In general, there are T.V. programs for which the viewers want to record the broadcast information for future reference. For example, in a "How-To-Cook" program the housewives want to record the cooking information on the T.V. screens. However, under the present system of television receivers they have to write it down in their notebooks while watching the T.V. screen. This is very troublesome, and is actually a difficult task because they must catch up with the constant flow of the images on the screen, which go on without considering the viewers' convenience. Recently, videotape recorders have been developed, and it is true that they have solved this problem to a great extent. However, in reproducing the videotape it is neccesary to search and select that part of the tape in which the information wanted by the viewer is recorded. As generally known, the re-playing of selected parts of the tape is time- and labor-consuming, so that housewives are often discouraged from reproducing the videotape in spite of the toil paid by them in recording.
In order to solve the inconvenience mentioned above, the inventor has made an invention which provides a printer for automatically hard-copying the pictures on the T.V. screen by writing the gradation density signals of the T.V. pictures in the RAM at real time, and reading them out.
In addition to the picture broadcasting, it is recently desired that characters also be broadcast on T.V. According to this new type of broadcasting, weather forecasts and news reports are broadcast in characters alone or together with pictures on a CRT tube. In this character broadcasting the transmission of character data is performed by inserting the character data in digital form within the period of time for the vertical blanking of T.V. signals, and at the receiver side the character data is temporarily stored in the memory of a character decoder, in which the data is converted into such signals as to be capable of visual display on the screen of a CRT.

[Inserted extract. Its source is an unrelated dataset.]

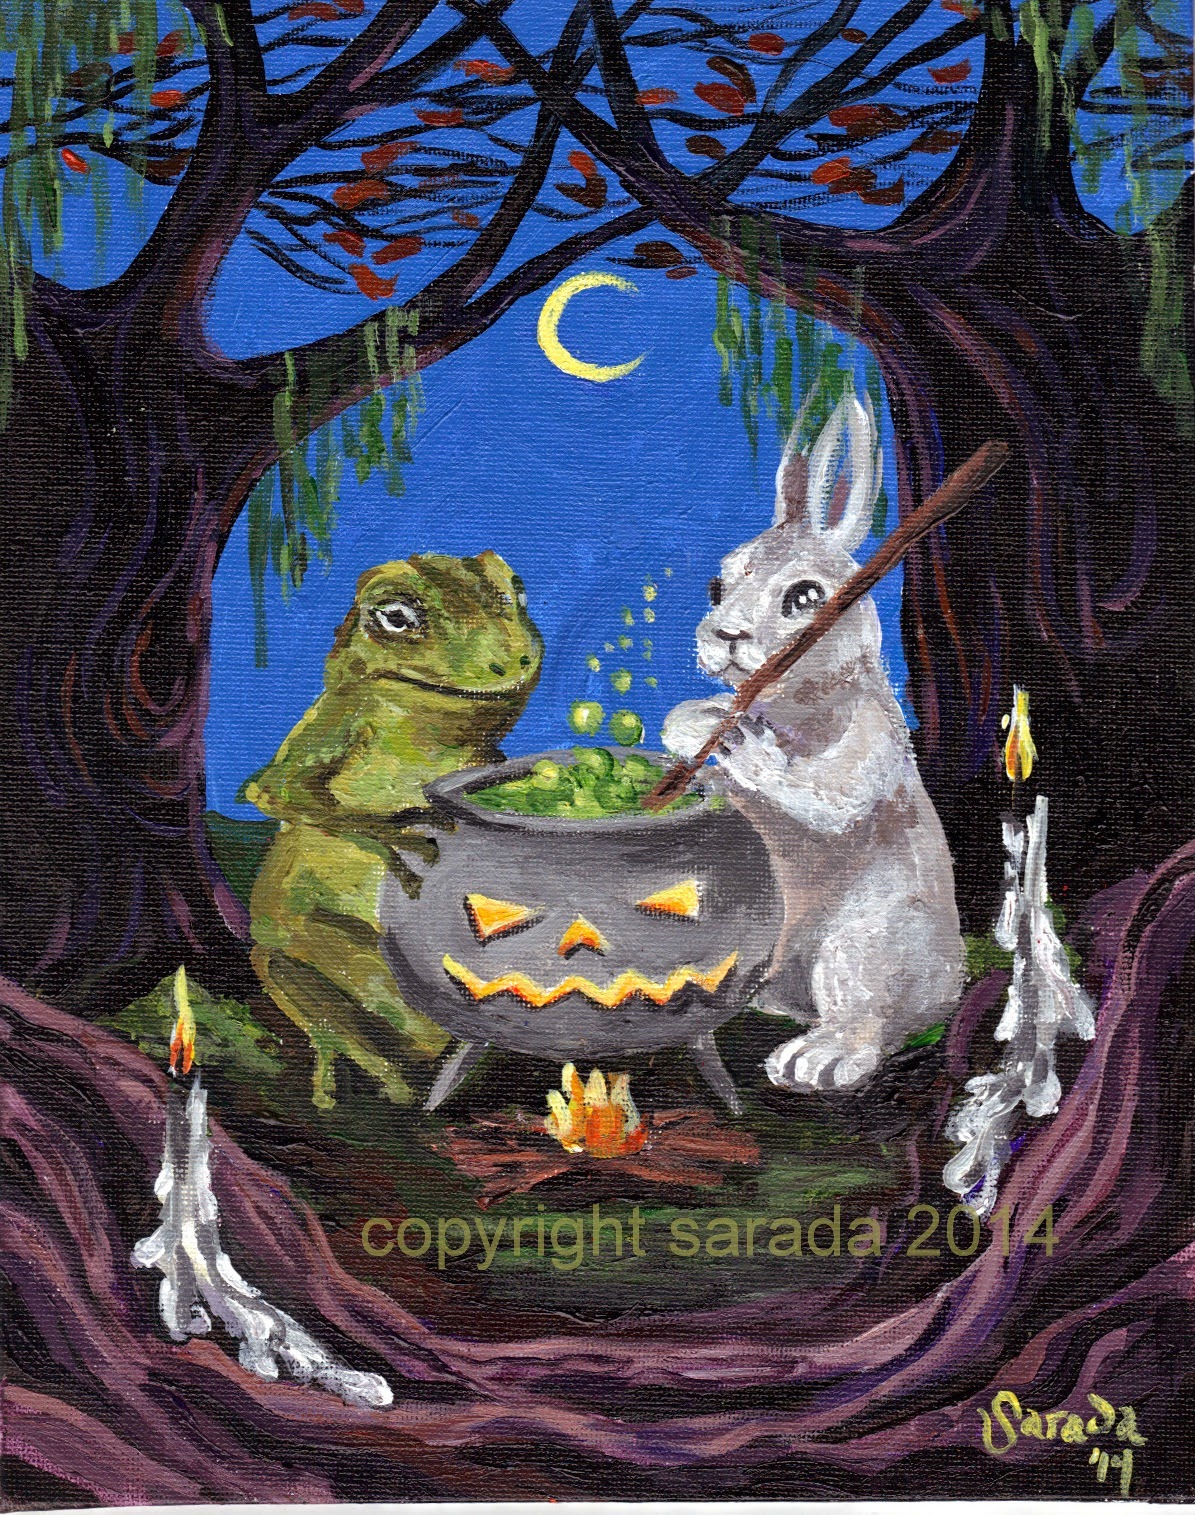 https://www.etsy.com/listing/198311443/halloween-painting-original-8-x-10?ref=shop_home_feat_1

In order to print out the character information by the printer invented by the same inventor, it is necessary to read the character data from the memory in the character decoder by the CPU in the decoder, and to print it out by the printer.
However, the memory in the character decoder has a limitation in its storing ability, that is, the content of the memory is automatically replaced by the next-transmitted data. As a result, to effect the print-out of the character data with the use of the memory in the character decoder and the CPU in the afore-mentioned, manner, the data transmitting speed must slow down considerably so as to allow the printing speed to keep pace therewith. If the next data is written in the memory before the transmission of the former data is finished, it is impossible to print out the characters in a clean, normal manner. To remedy this, it will be necessary not to start the writing of the data until the data to be printed out is completely transmitted. This results in the discontinuity of the pictures.